Handling audio and video

As you know, I have been working on WebcamStudio and ScreenStudio in the last few years.  The main issue I faced while developing those projects was ensuring that audio and video would be synchronized.


You have to keep in mind that you are always limited by the power of the CPU.  A faster machine means that you will be able to capture larger displays and encode into a more compressed format.  Capturing a webcam at 320x240 is actually quite easy to do.  Capturing your whole desktop is another thing.  The video format is also putting a lot of stress on the CPU as you need to encode the video source (and audio) in realtime.

Assuming that the capture is done at 30 fps, you will have less than 33 milliseconds to capture one frame, apply any video effect on the image and encode it into the video stream.  I'm telling you, 33 milliseconds is really not a long time to do all this work.  For each frame, WebcamStudio has to:
  • Capture a single frame from all videos sources (Screen, webcam, image, etc...)
  • Apply effects on each frame
  • Merge all capture frames into a single frame by compositing each image one over the other in the proper order
  • Push the final output frame image to the encoder buffer
  • Encode the image frames from the buffer into the video file.
  • Synchronize captured audio with the video stream in the video file.
The same goes on with audio in WebcamStudio.  Frankly, a lot is happening in a 33 milliseconds timespan.



ScreenStudio has a simpler approach.  It relies on FFMPEG or AVCONV to execute the desktop capture into a video stream.  Where WebcamStudio is doing all the job, ScreenStudio is relying on FFMPEG/AVCONV to do that job.

The biggest issue when capturing audio and video is synchronizing them.  Look around the web, the issue of unsynchronized audio and video is everywhere.  Why is it so hard to do?

At the low level, when you capture a single image frame from a video source or a single audio frame from an audio source, a timestamp is set to the frame.  This timestamp (PTS: Presentation TimeStamp) is used to tell the encoder when to use this frame in the final video stream.
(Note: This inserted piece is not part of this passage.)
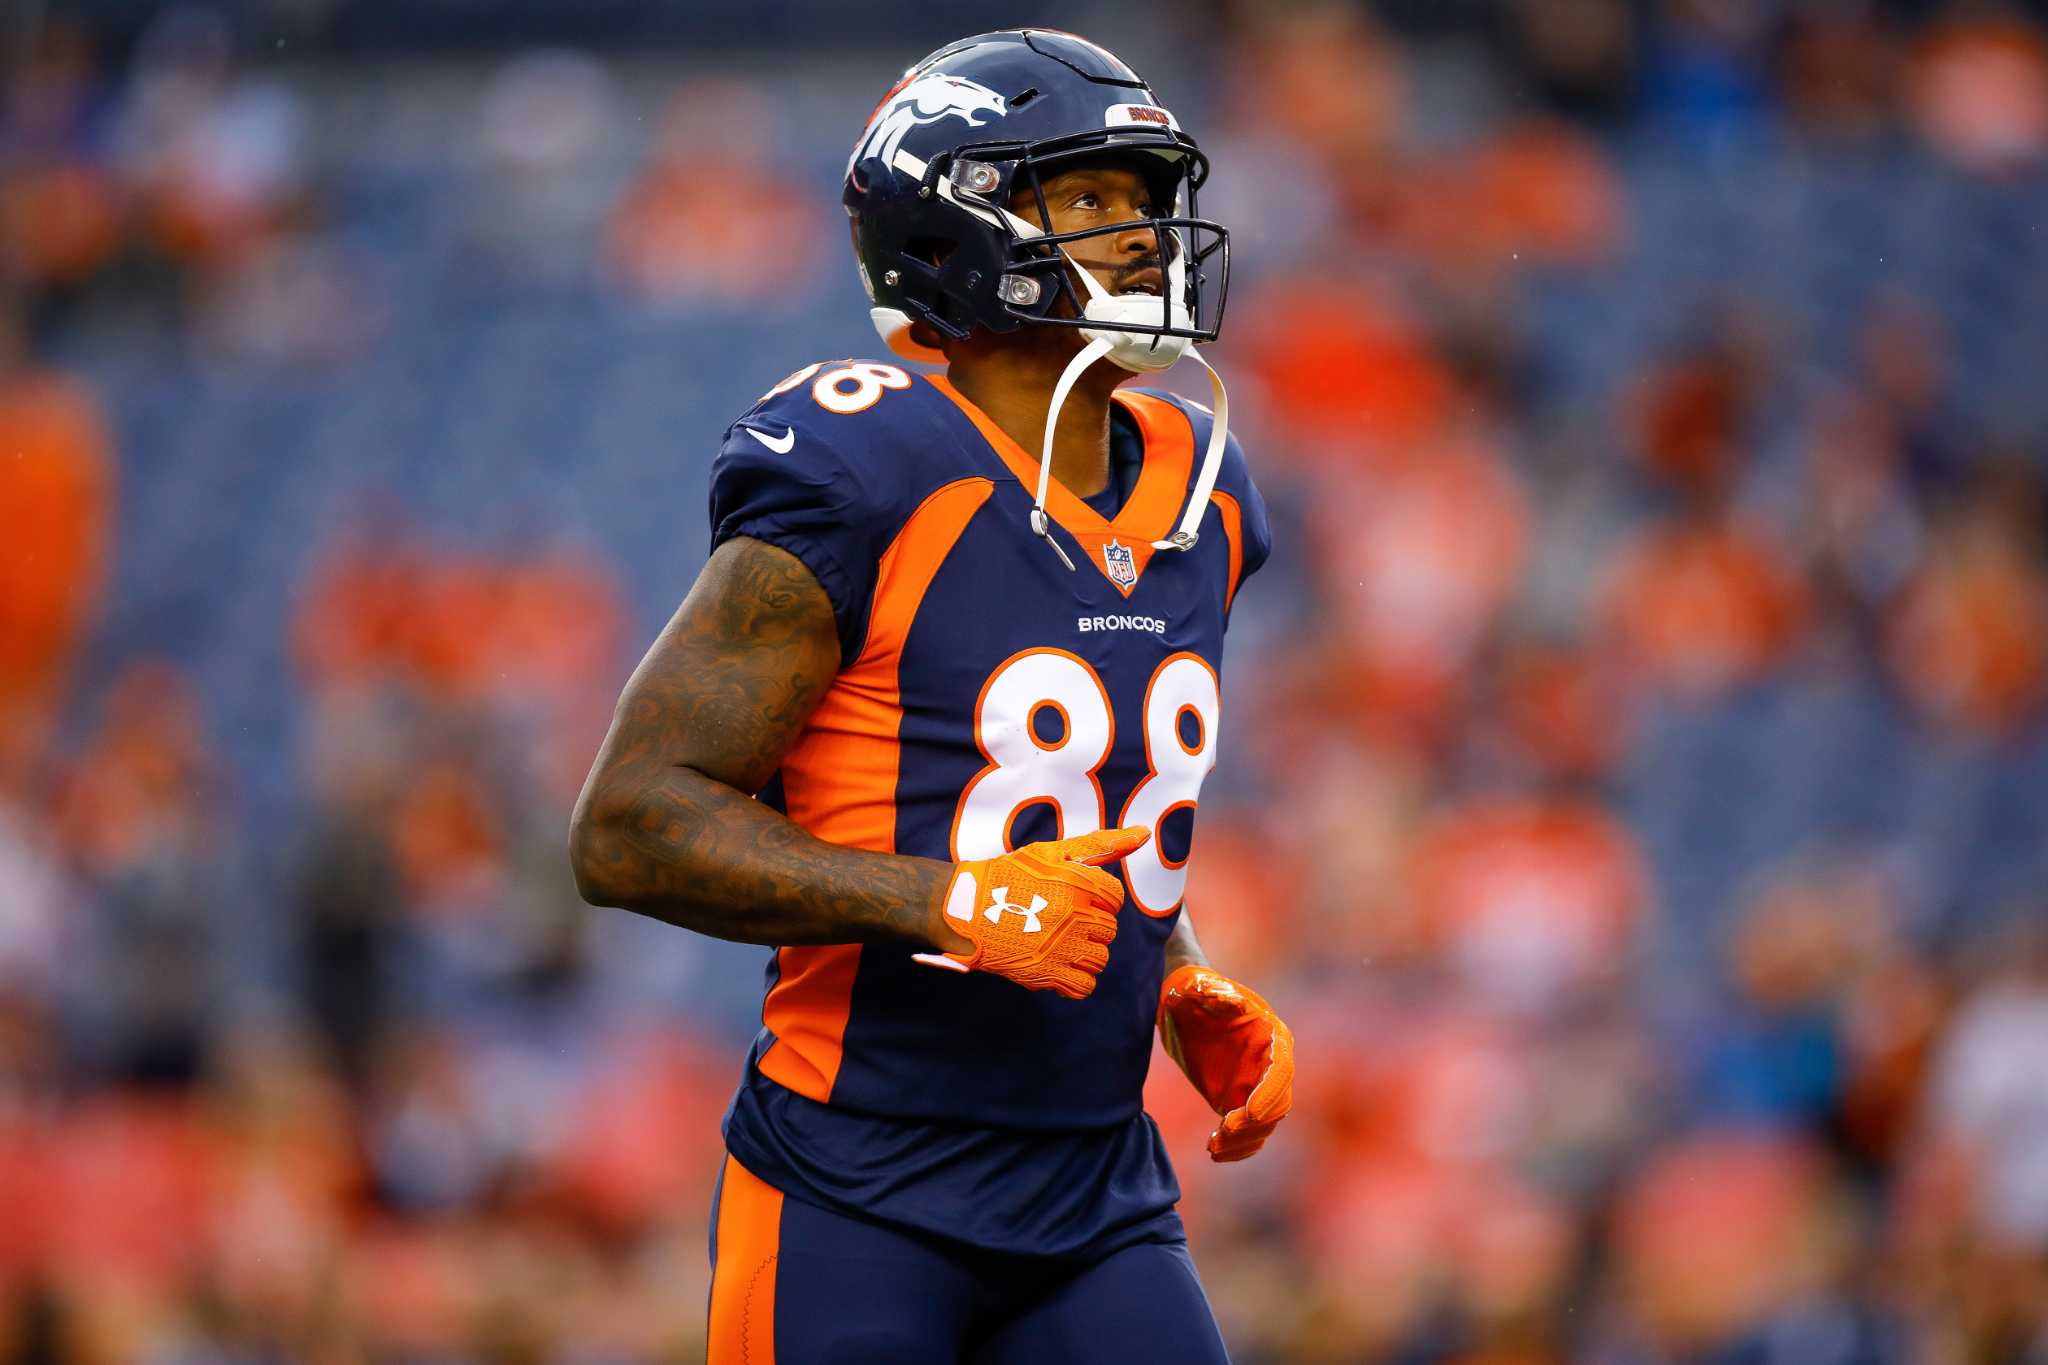 New Texans WR Demaryius Thomas after trade: 'I'm excited, I'm ready to get  to work'

The software executing the capture will rely on the driver used to set the proper timestamp on each frame.  Sadly, each driver (video or audio) will provide two kinds of value:
  • Zero based:  The first captured frame is 0, the second is 1, and so on...
  • Time based: Each captured frame is using the current clock time.
When using multiple capture sources (audio and video), it becomes harder to synchronize them is they are using different timestamp values.  So you might think that we just need to use a conversion to set every input stream to the same type of PTS...  Wrong!  Technically is would work in an ideal world but its not.
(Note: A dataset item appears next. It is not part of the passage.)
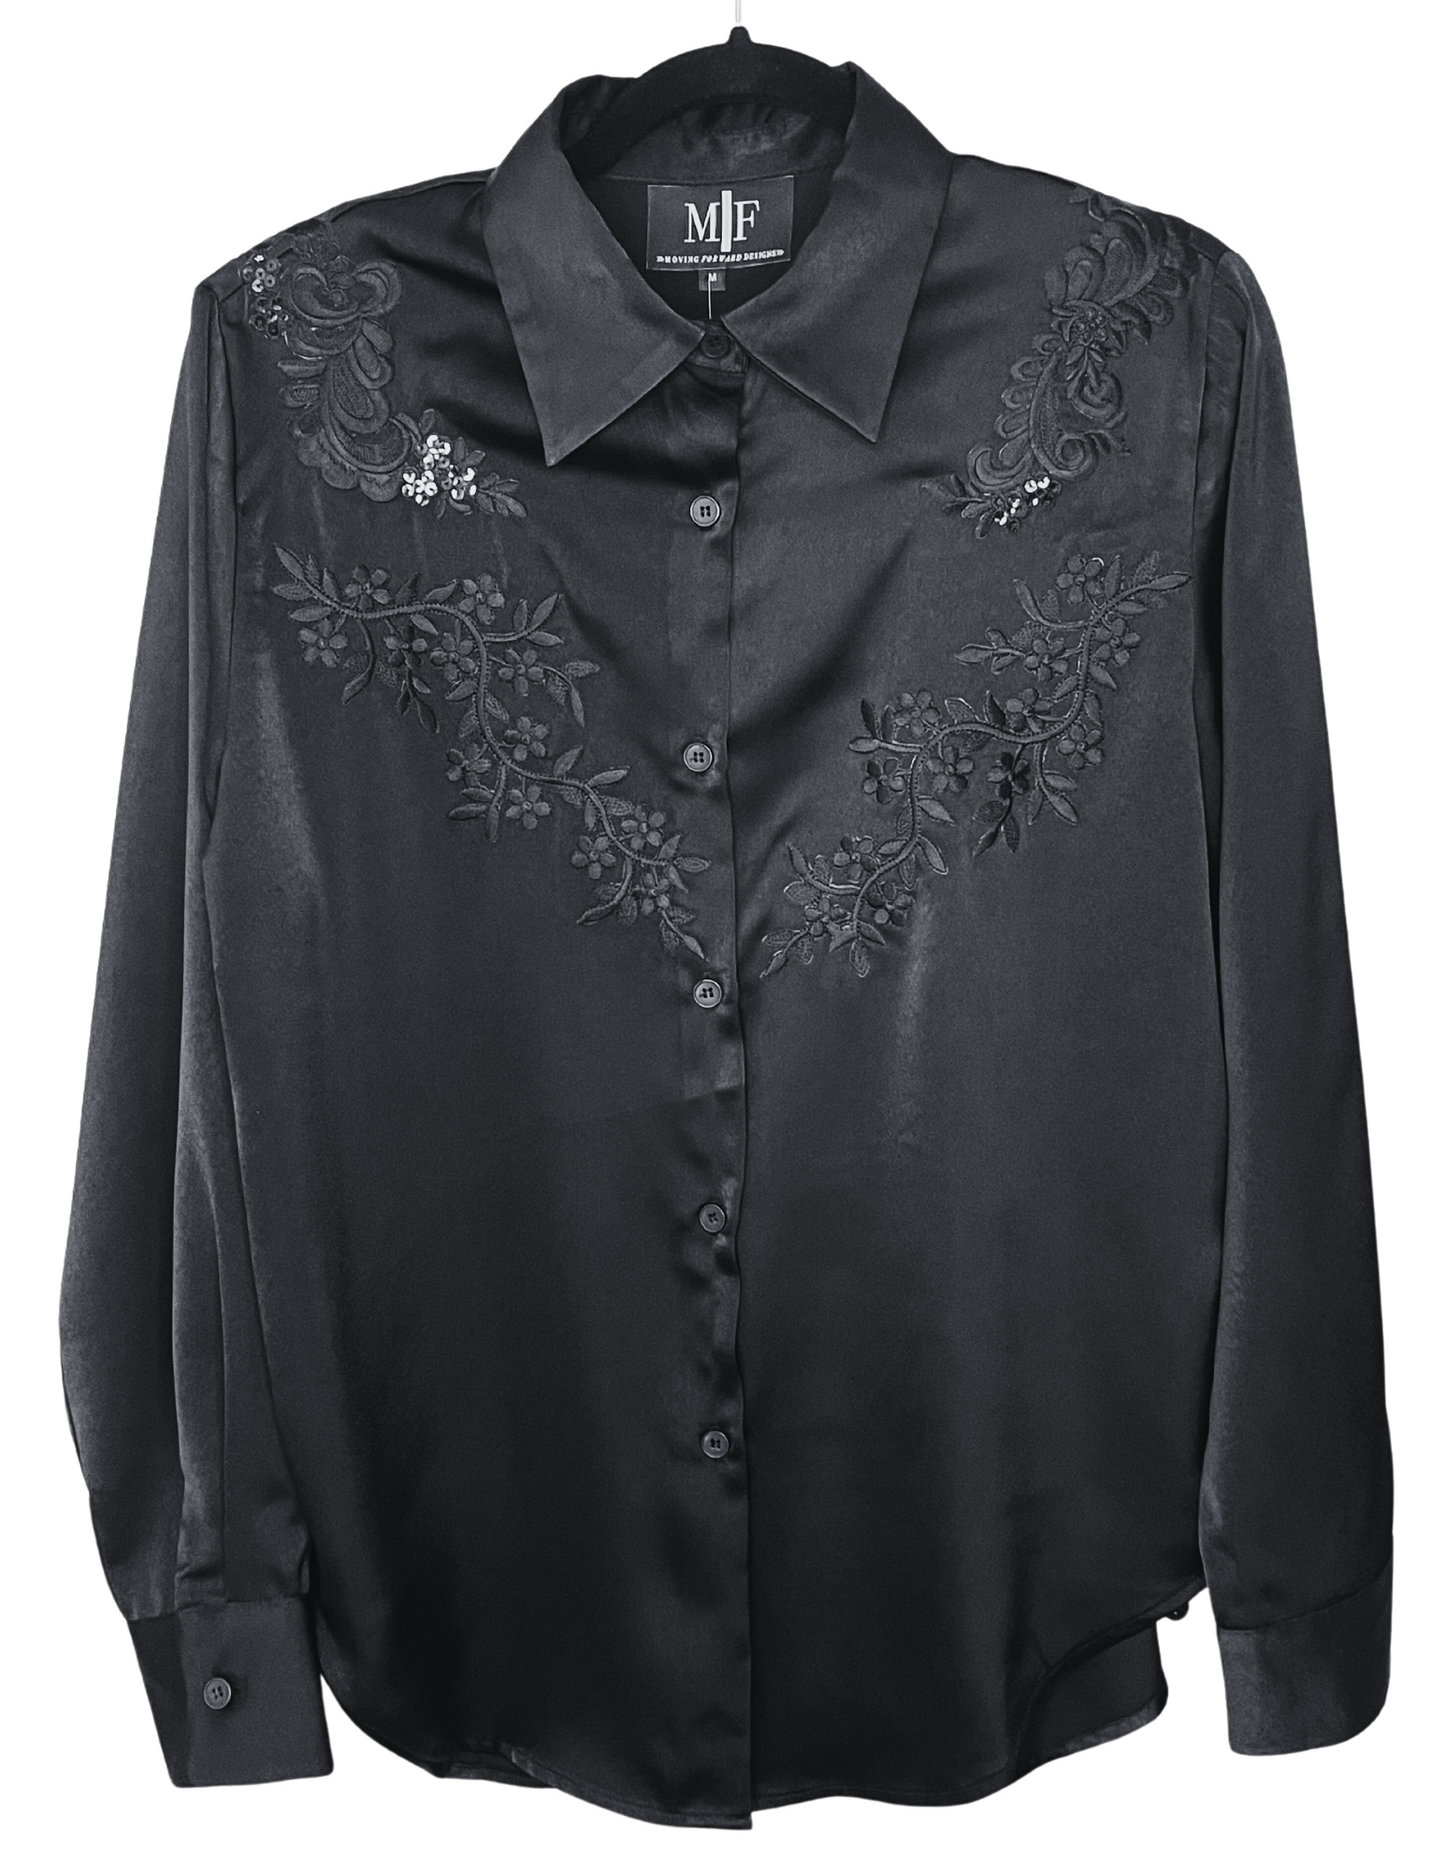 Shirt, Silky Black, Lace Flowers

For example, when capturing images from a webcam, you are totally dependant on the webcam driver.  The first image provided by the driver can have the right timestamp if it's based on the clock time but by converting this timestamp to a Zero Based, you are loosing the exact time of that frame.  There is no way to know if the first image was captured by the webcam as of now, a few milliseconds ago or a whole second ago.  This is due to the fact that the driver is buffering a few frames before making them available to the capturing software.


Have you noticed that when displaying your webcam with any software (Cheese, PhotoBooth, etc...), there is a slight delay before seeing the first image?  In some case, you can even see a really small delay between what you are doing and what is actually displayed on your computer screen.  Just showing the webcam on the computer screen does not required a lot of processing power.  Capture the image and paint it on the screen.  Easy, right?



Just do this simple test:  Display your webcam on your screen, and count to 5 with your voice and fingers at the same time.  You will see a small delay between what you hear from your voice and what is displayed on your computer screen.  The difference for this live capture is always around 100 milliseconds.  It's not really big and it's almost unnoticeable but it can be a real pain when developing a software that will capture your computer screen, you webcam, the microphone in realtime.

To achieve a perfect synchronization when doing a realtime audio and video capture, many technics can be used.  And frankly, sometimes, it's almost impossible to do...

Hope you enjoyed!

Patrick